I prefer a story, even if it's a bare-bones one. I play better when I have more motivation than "Here's some dude. Now beat the shit out of him" and a story, even a loose one, helps.

Its not a requirement but yes I do enjoy them far more when the characters have detailed backstroy and there is some plot and context.

Certainly, but then I'm a more plot-centered player than most. Character background gives you context and inter-character dialogue develops traits for both (like how they got their respective abilities) and I wish more fighting games would spend more time on it (skippable scenes of course). Dan's cutscenes are usually a hoot. Most put most of the backstory as a wall of text in each character's ending (Killer Instinct and the earlier Mortal Kombats), or even just the instruction manual.

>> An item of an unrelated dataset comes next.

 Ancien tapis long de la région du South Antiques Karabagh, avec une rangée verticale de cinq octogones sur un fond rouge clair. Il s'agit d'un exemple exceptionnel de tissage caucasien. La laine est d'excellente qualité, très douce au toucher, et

I love some stories in my games. They just add more to the game, games with just a few lines of text and a bio seem...lesser to me now, kind of, compared to games such as MK2011 that put effort into a true story mode, with cutscenes and what not.
Actually, MK was always actually very interesting to me. I really enjoy the ideas behind the characters and their background, I mean, a warrior made out of a thousand souls and one that has telekinesis? that's awesome!

King of Asgaard:
I didn't... until Mortal Kombat 2011 came along and gave us a well-made, surprisingly lengthy single player campaign.
Now, a fighting game seems lesser without a good one.

I too was surprised by Mortal Kombat. I got it on the Vita and expected a half-ass Single-player like most Fighters but ended up pleasently surprised. Sure it isn't the best story ever and isn't to win any awards but it was enjoyable for what it is. The voice acting was also good.